Code is kept in lockstep. A scheduled daily sync pulls every node to the same reviewed mainline, and a hard rule — no experiment launches from code that hasn't been merged and verified — means a result is always traceable to an exact, reviewed commit. Reproducibility isn't a cleanup step; it's a precondition to running at all.

Why build it this way for a company that's still pre-product? Because the shape of the problem doesn't change as it grows — only the scale does. Enrolling a new machine is the same operation whether it's a spare laptop or a rack of GPUs: install the daemon, let it profile itself, point batches at it. The heterogeneity we handle today — mixing an x86 Linux box with Apple-silicon laptops — is the same heterogeneity a growing team faces when it adds cloud instances, an on-prem cluster, and a dedicated training server. We're already running the multi-node case; scaling it is adding nodes, not rebuilding the system.

That's the enterprise story in one line: the research fabric is horizontal by construction. The same autonomous-node, self-profiling, pinned-work, reproducibility-first design that turns three personal machines into one research engine is the design that turns a hundred machines into one. And because AIOS is a thin shell over model-driven decisions, adding compute doesn't just mean more runs in parallel — it means the machine that plans, executes, and reads those runs gets more room to work. Compute and cognition scale together.
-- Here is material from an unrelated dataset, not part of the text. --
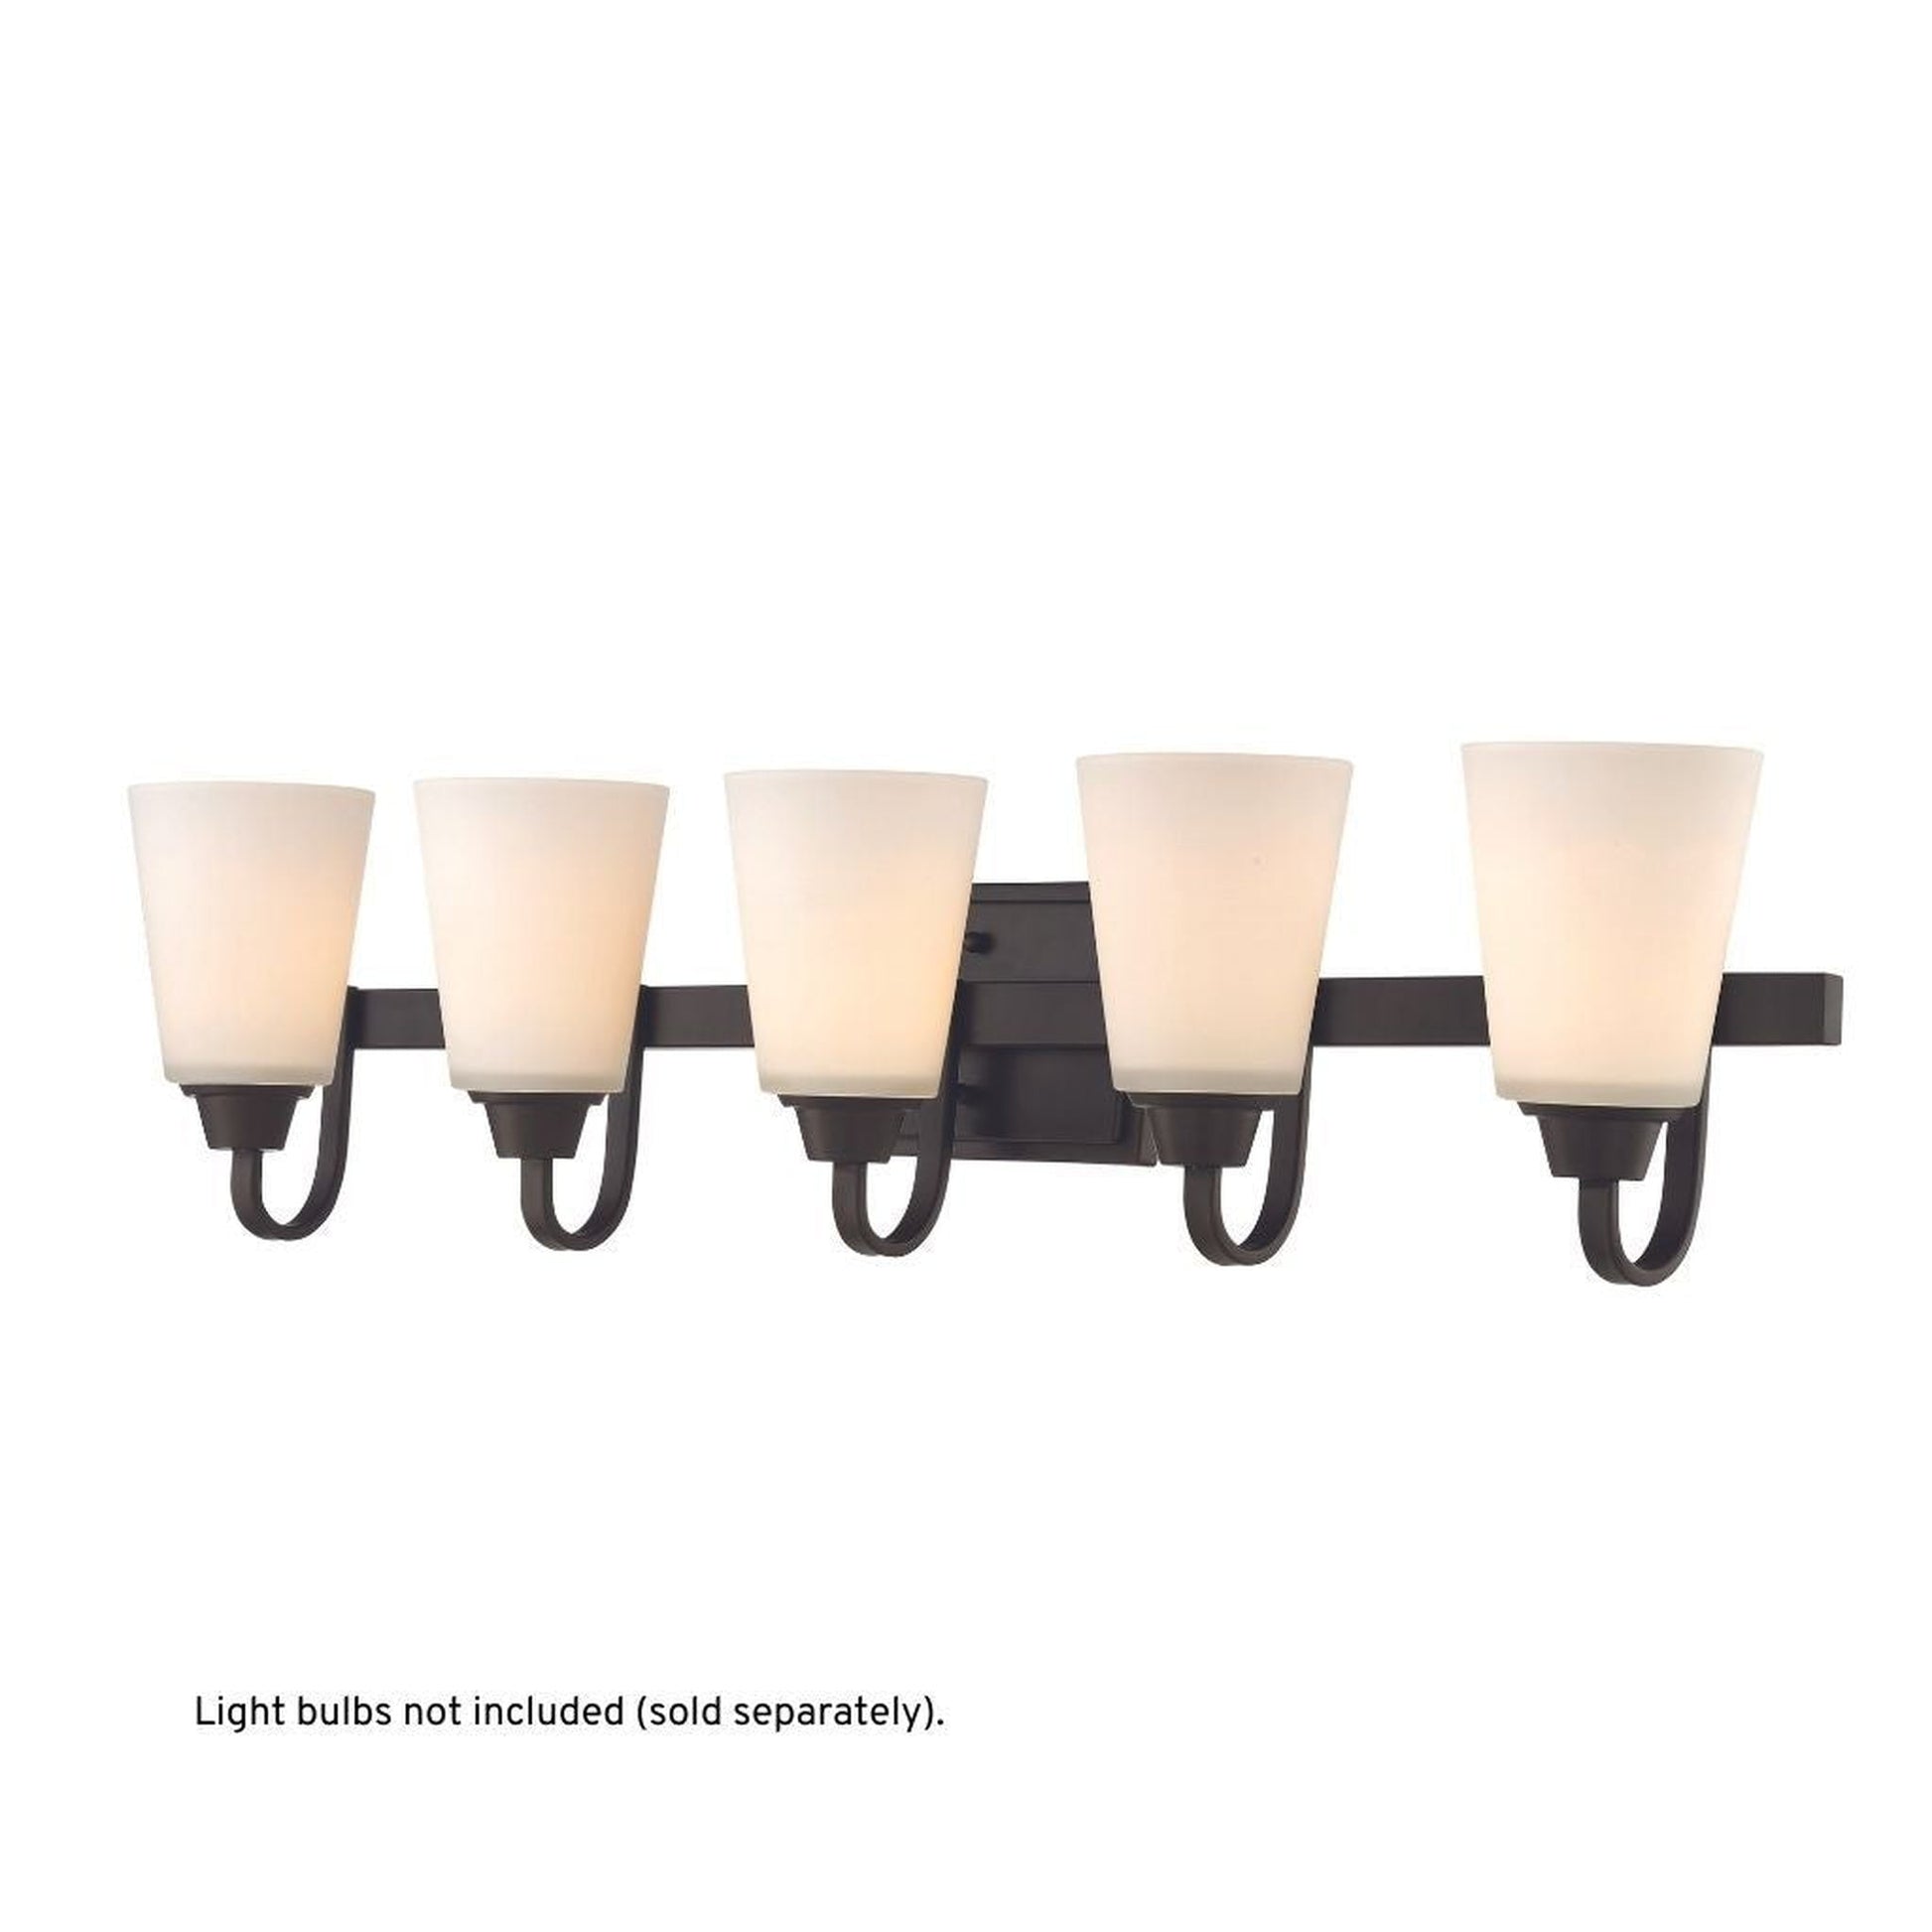 Craftmade Grace 37" 5-Light Espresso Vanity Light With White Frosted Glass Shades

We built the fabric to remove our own bottleneck: the loop between an idea and the result that tells us whether it worked. Everything downstream — the science, the product — moves at the speed of that loop.

2026-07-01 · LOG-004 · GSP Teaching a swarm to predict — the GSP head comes alive

Our central hypothesis is that prediction is the mechanism behind good coordination. A robot that can anticipate where the shared payload — and the rest of the swarm — is about to be should coordinate better, and should generalize to objects it has never seen. We call this line of work GSP: Global State Prediction — the subject of the founder's doctoral dissertation. A small network head learns to predict something about the world's state, and that prediction is fed to the controller that chooses actions.
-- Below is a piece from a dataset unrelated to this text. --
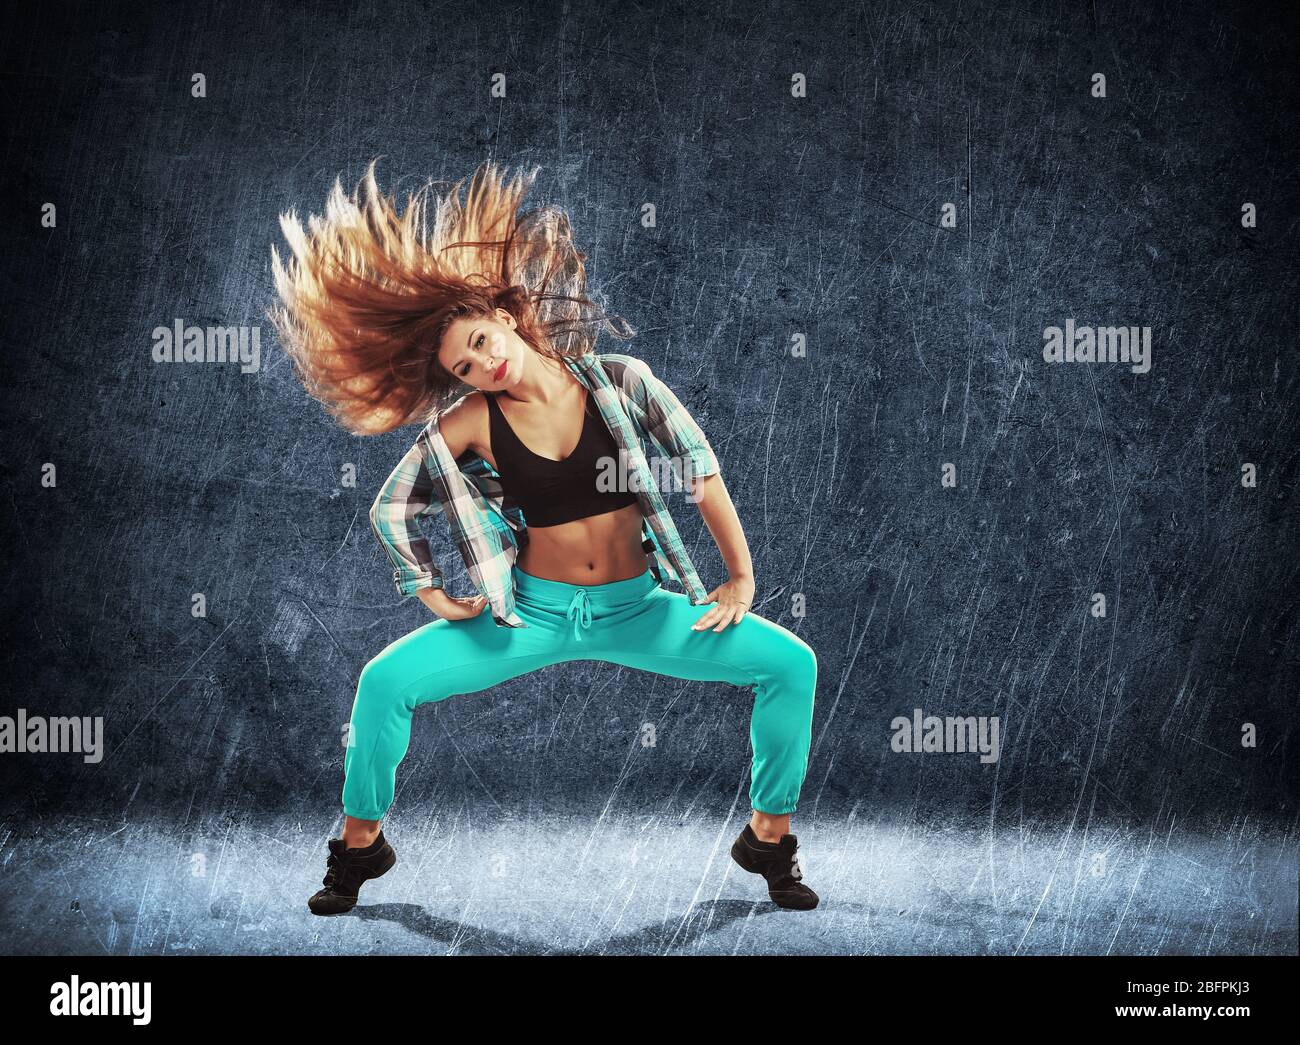 Young hip-hop dancer on grunge background Stock Photo - Alamy

For a long time, the prediction head simply didn't work. Trained inside the full system, it produced predictions that correlated with reality at roughly 0.01 — statistically indistinguishable from noise. The easy conclusion was that the task was too hard, or the idea was wrong. We didn't accept that, because the theory was sound; the question was whether we had the engineering right.

So we built a ceiling ladder to find out where the signal was being lost. We measured, in order: what the online head actually achieved (~0.01), what an offline model could extract from the same inputs (~0.13), what was achievable from the truly observable quantity (~0.89), and what a perfect predictor would reach (~0.998). The gap between 0.01 and 0.89 told us the problem was not the task — the signal was there — but our plumbing.
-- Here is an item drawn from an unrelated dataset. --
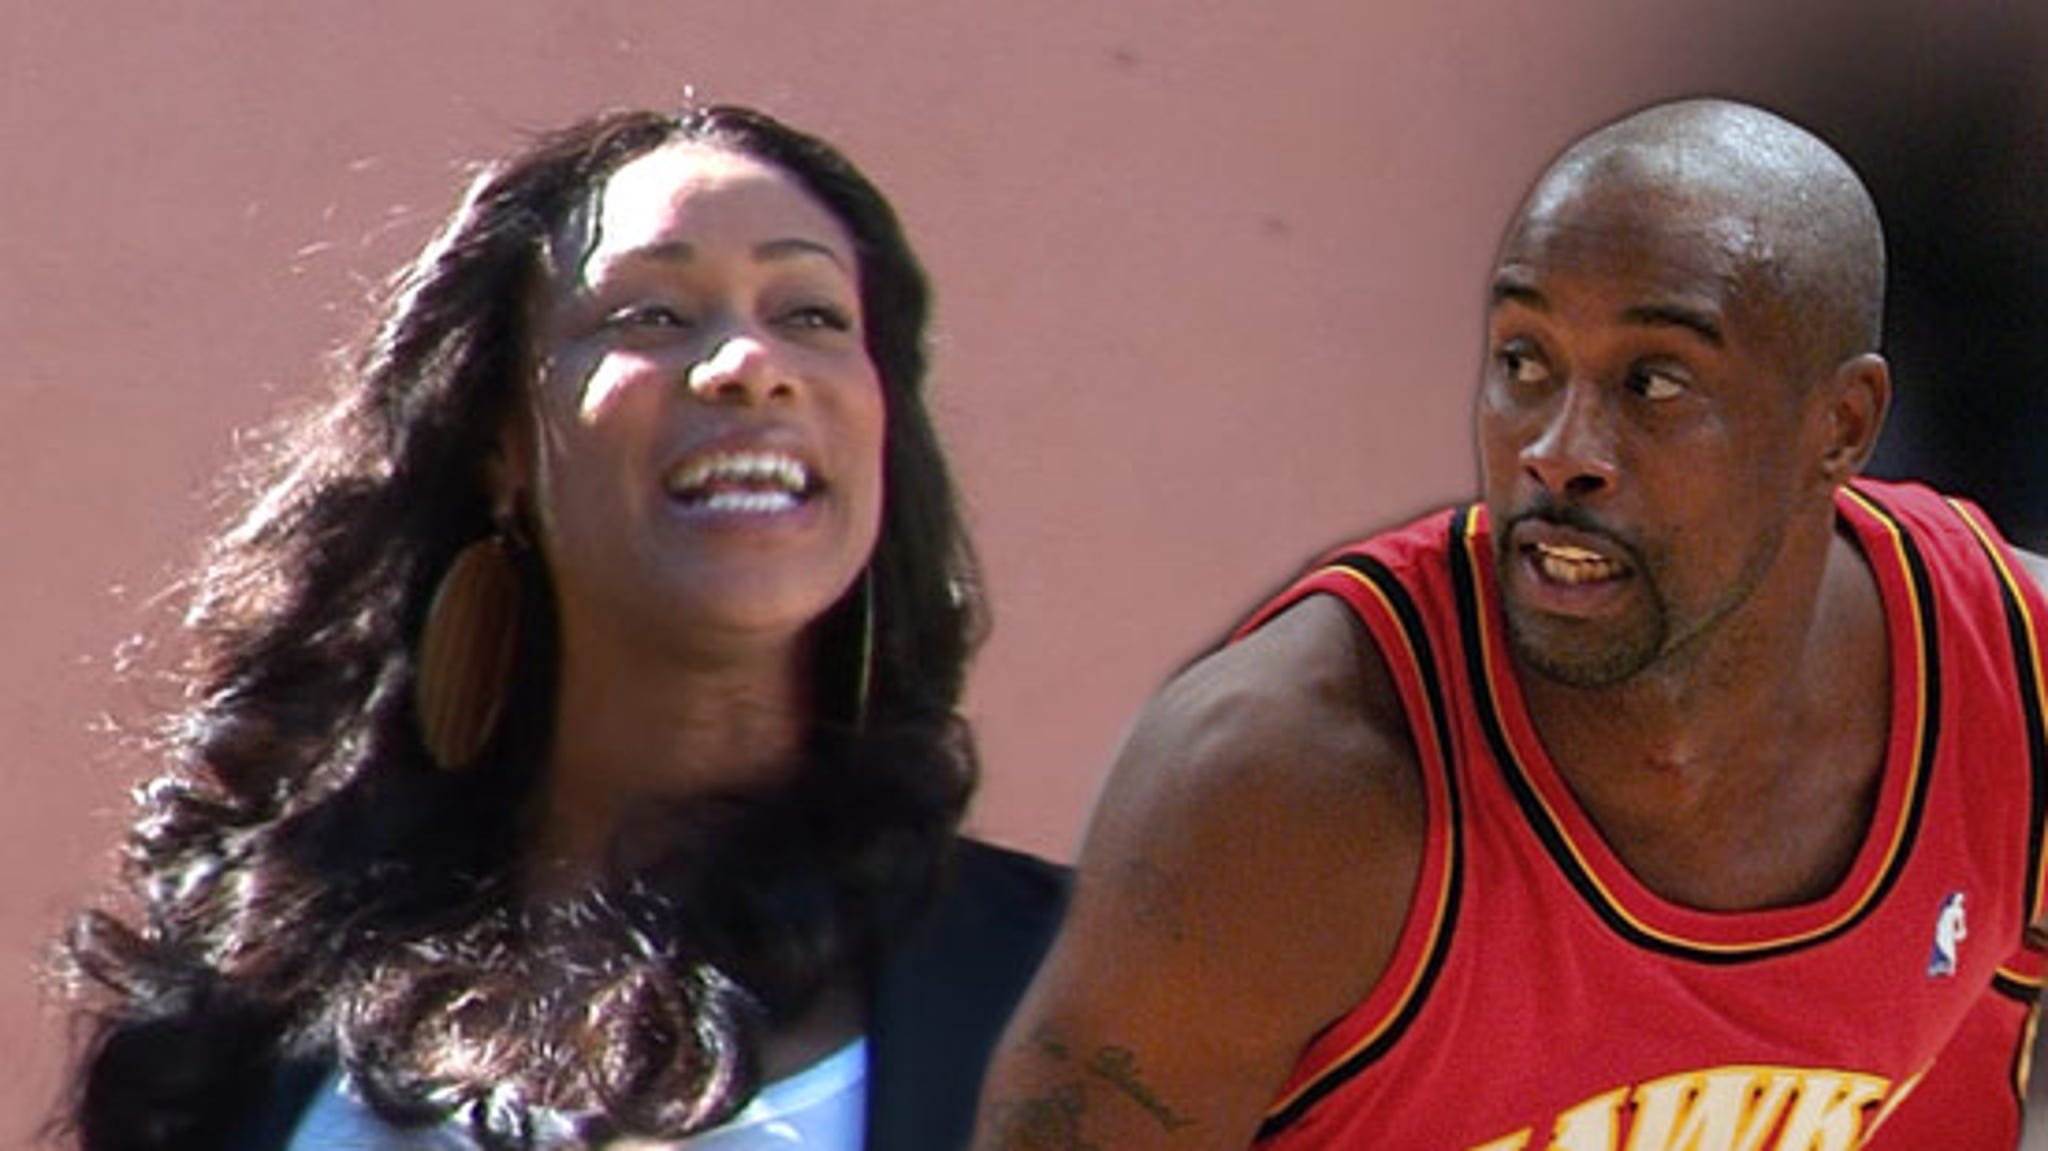 Why Tami Roman Told Husband He Could Have a Baby With Another Woman

Chasing that gap down, we found three concrete bugs, each upstream of the last:

the head wasn't actually receiving the observation it needed;
a key quantity was being computed in the wrong reference frame, scrambling it;
and a bearing was measured relative to the wrong point entirely.

We also found the head was being fed exploration noise it should never have seen, and that the feature it needed — a wrap-safe, world-frame change in bearing to the object — had to be handed to it explicitly rather than left to be discovered. Neural networks are not magic; if a quantity involves a discontinuity like the ±180° wrap-around, you encode it, you don't hope.

With the reference frame fixed, the noise removed, and the right feature provided, the head came alive: within-run prediction correlation of about 0.85, reproduced across six independent runs. The first working GSP prediction head in the campaign.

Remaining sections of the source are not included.